Some three months after the company first disclosed partnership interest, CRISPR Therapeutics board member and SR One CEO Simeon George, M.D., says it’s “still early days” for sealing new deals.
George’s level-setting brings back down to earth the speed at which CRISPR Tx is likely to land suitors for backburner pipeline assets even as CEO Sam Kulkarni, Ph.D., maintains an aggressive slate of business development meetings at this year’s J.P. Morgan Healthcare Conference.
“Part of the challenge, if I’m honest, is we have shown how good we are at taking this technology and moving it forward,” George said in an interview with Fierce Biotech Tuesday. But peers in the space have not, he added.
CRISPR Tx recently made the jump to a commercial-stage company following the historic FDA approval for exa-cel in sickle cell, now marketed as Casgevy. But the gene editing biotech has already run into some serious growing pains. The company laid off 10% of its staff a week after FDA advisors all but greenlit exa-cel ahead of the FDA approval. Then, Chief Medical Officer Phuong Khanh Morrow, M.D., resigned six days after the FDA’s nod. And earlier this week, Vertex-run ViaCyte announced it was opting out of a collaboration on CRISPR Tx’s gene-edited stem cell therapy for diabetes.
Kulkarni said during the company’s J.P. Morgan presentation on Tuesday that ViaCyte’s decision provides “operational flexibility and ease” to focus on other Vertex-partnered diabetes work.
With respect to new deals, George says that there needs to be a “meeting of the minds” on potential terms and CRISPR Tx’s confidence that a partner could take forward a program the gene editor doesn’t have the time or money to advance itself. Kulkarni said during his presentation that he had to rejig his schedule to make time for more partnership talks.
“Almost every pharma company now wants to have a cell and gene therapy strategy,” he said.

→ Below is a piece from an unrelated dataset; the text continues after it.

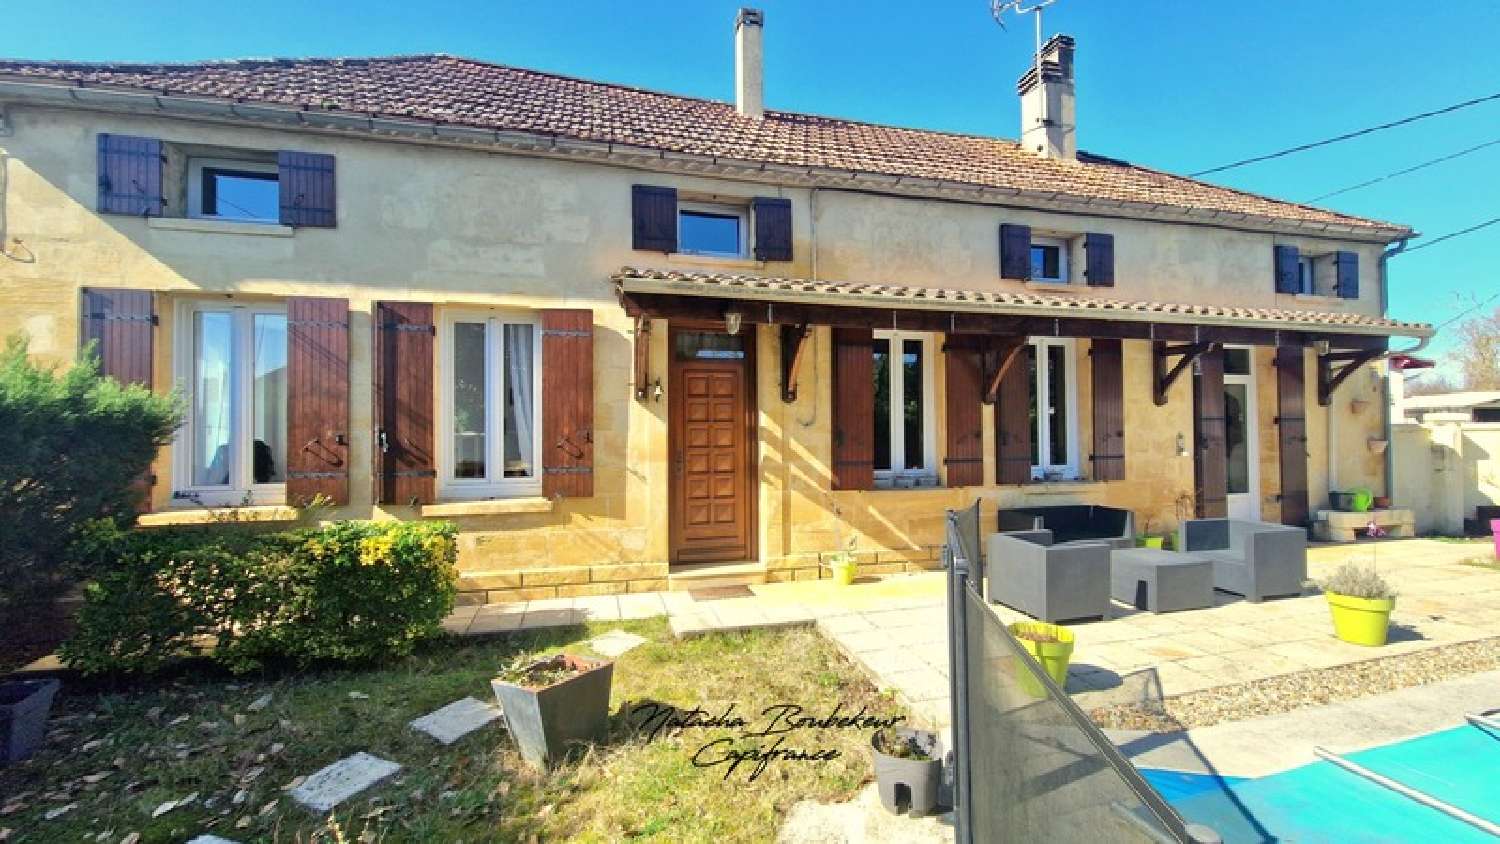  à vendre maison Bergerac Dordogne 1

Leading up to the exa-cel approval, CRISPR Tx had teased an openness to partnering the off-the-shelf cell therapy and in vivo programs. Alex Harding, head of the biotech’s business development effort, told Fierce Biotech in October that pharmas expressed interest in the cell therapy programs should they show efficacy in either autoimmune diseases or solid tumors. CRISPR is testing its off-the-shelf programs to show just that.
Kulkarni told the conference crowd that auto-immune disease could be a huge opportunity for pharma partnerships.
For George, this new chapter will be similar to the last, underscoring CRISPR’s natural move to a new set of goals post-approval.
“The way we think about the goals and deliverables now, it’s shifting from the focus on exa-cel now to these next sets of programs and the resourcing to support those,” he said. “And then ultimately the company needs to be held accountable for those deliverables.”